SOCOG claimed that they did not discriminate against Mr Maguire but, if they did, fixing their site would constitute “unjustifiable hardship”.
SOCOG were eventually found to have engaged in unlawful discrimination in violation of the Commonwealth Disability Discrimination Act (1992) and ordered to fix their site.
More recently, in 2006, Target.com was sued in a class action suit brought by the National Federation for the Blind, which they settled for $6 million.
In 2013 Netflix was sued by the National Association of the Deaf for not having closed captioning on its movies. Netflix had to pay $755,000 in legal fees to the NAD’s lawyers and committed to 100% captioning by 2014.
In the UK a legal case has never been brought to court, but the RNIB has threatened legal action against a number of un-named companies, who then fixed their site before the case reached a courtroom.

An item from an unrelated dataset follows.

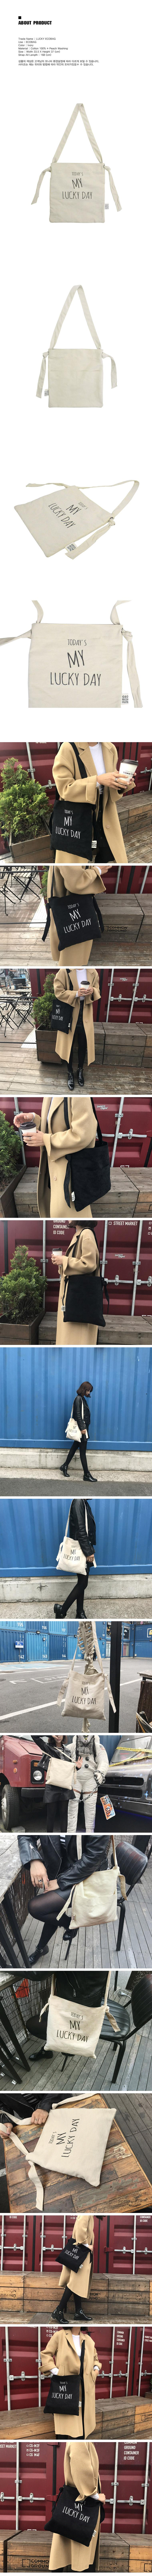 [AROUND TO B] LUCKY ECOBAG IVORY 럭키 에코백 아이보리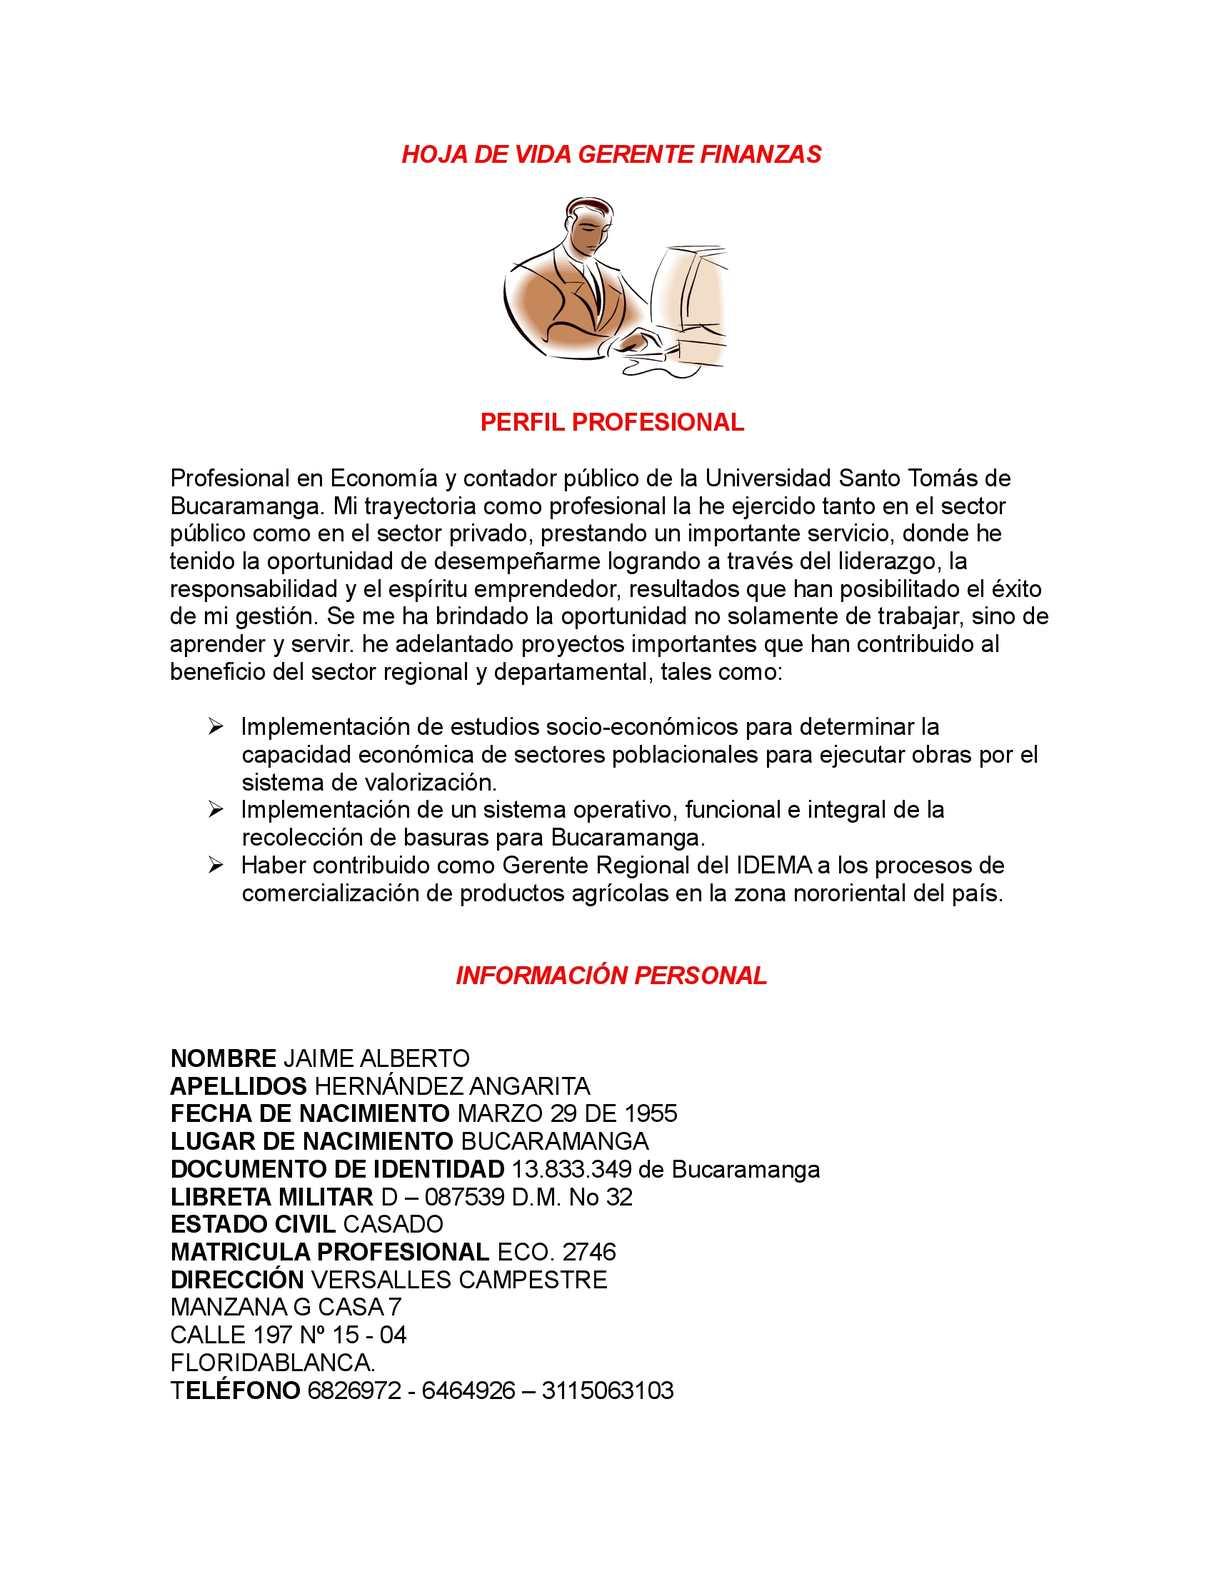 Calaméo - HOJA DE VIDA GERENTE

The litigation angle only works if the likelihood of getting sued outweighs the cost of making your site accessible. If you’re a high profile company that risk is pretty high too, so you should definitely make your site accessible.
But if you’re tiddly the likelihood of getting sued is smaller and I can’t find a business case for the small companies. I can find many positive traits associated with accessibility but I can’t draw a well evidenced line from “accessible website” to “more money”. If ROI is what you’re motivated by you might as well just make your whole website out of JPEGS and take a nap.
You don’t need a business case
If you’re building your website from scratch right now why wouldn’t you make it accessible. Building accessible websites has never been easier! Make it part of what your definition of “good” is. As a front-end developer, add it to the list of ways you know you did your job well. Sneak accessibility in if you have to.
Karl Groves (again) sums up this approach in his post how expensive is web accessiblity?:
When [accessibility] becomes part of how you do things, of course it is free.
On GOV.UK building for inclusion is how we work.
We share and discuss the accessibility of design patterns on a publicly accessible hack-pad: https://designpatterns.hackpad.com.
We make small fixes to the accessibility of our site regularly. Here’s one about improving the presentation of search results using ARIA-live.
Here’s another small improvement made by my colleague @edds to tighten up the home page presentation for screen readers. This change was a tiny improvement Edds noticed because he was using a screen reader to navigate GOV.UK because that’s just part of how he works.
Start building for inclusion today: try and use your site with just a keyboard, or have a listen to it with a screen reader. When accessibility becomes part of how you work it will be free, and you won’t need a business case.